Incidentally, Wilczek expects the LHC to solve one of the central mysteries of astronomy by identifying the dark matter that pervades the universe. We know that the universe is full of dark matter, which weighs about five times as much as the visible matter that we observe in the form of galaxies and stars. We detect the dark matter by seeing its gravitational effect on visible matter, but we do not know what the dark matter is. If the supersymmetric sisters of known particles exist, they could be the dark matter. If all goes well, the LHC will kill two birds with one stone, observing the creation of dark matter in particle collisions, and at the same time testing the theory of Supersymmetry. Wilczek believes that all will go well. He sees the coming Golden Age as a culminating moment in the history of science:

Through patchy clouds, off in the distance, we seem to glimpse a mathematical Paradise, where the elements that build reality shed their dross. Correcting for the distortions of our everyday vision, we create in our minds a vision of what they might really be: pure and ideal, symmetric, equal, and perfect.

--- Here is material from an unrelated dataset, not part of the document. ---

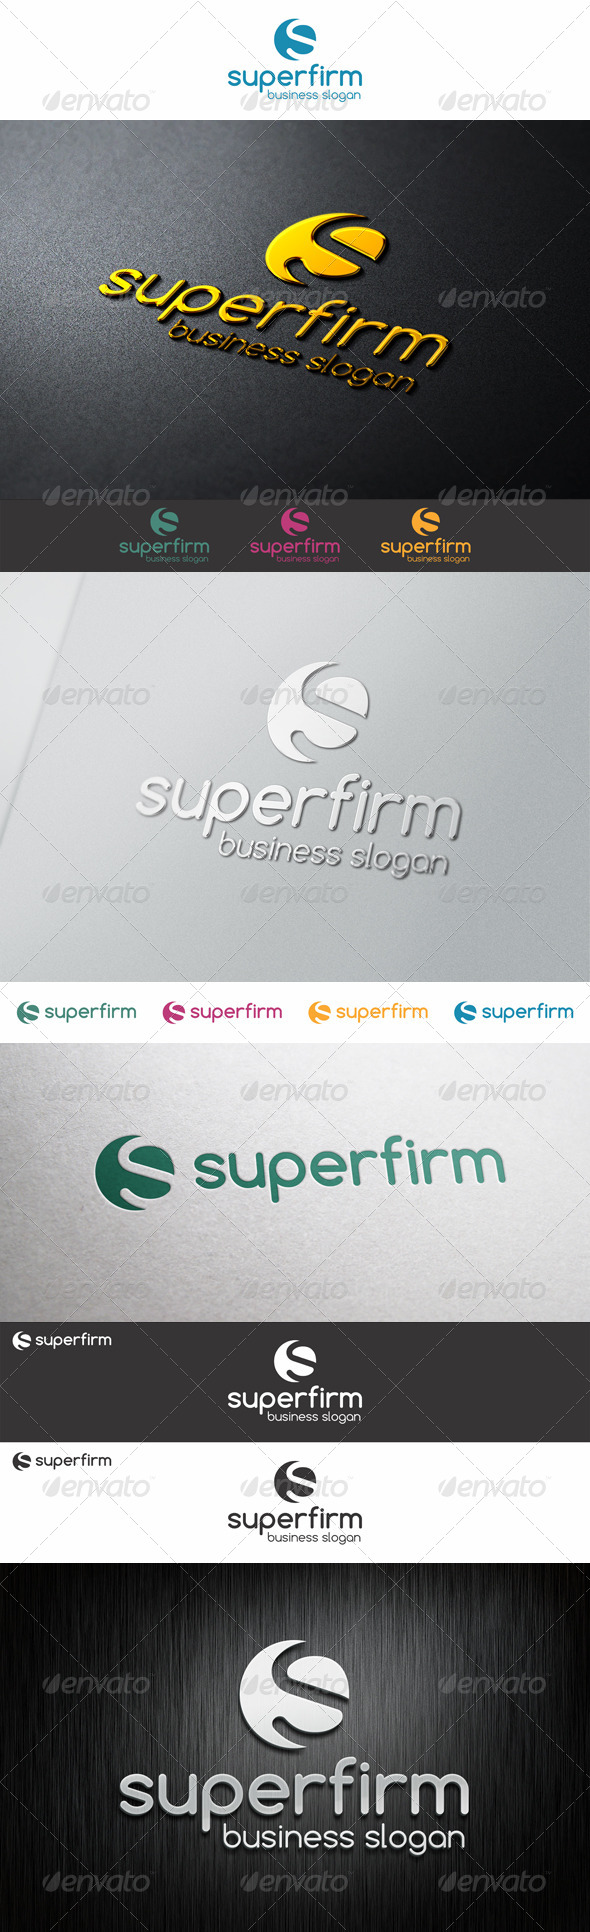 S Logo Shape - Super Firm - Letters Logo Templates

Wilczek, like most scientists who are actively engaged in exploring, does not pay much attention to the history of his science. He lives in the era of particle accelerators, and assumes that particle accelerators in general, and the LHC in particular, will be the main source of experimental information about particles in the future. Since I am older and left the field of particle physics many years ago, I look at the field with a longer perspective. I find it useful to examine the past in order to explain why I disagree with Wilczek about the future. Here is a summary of the history as I remember it.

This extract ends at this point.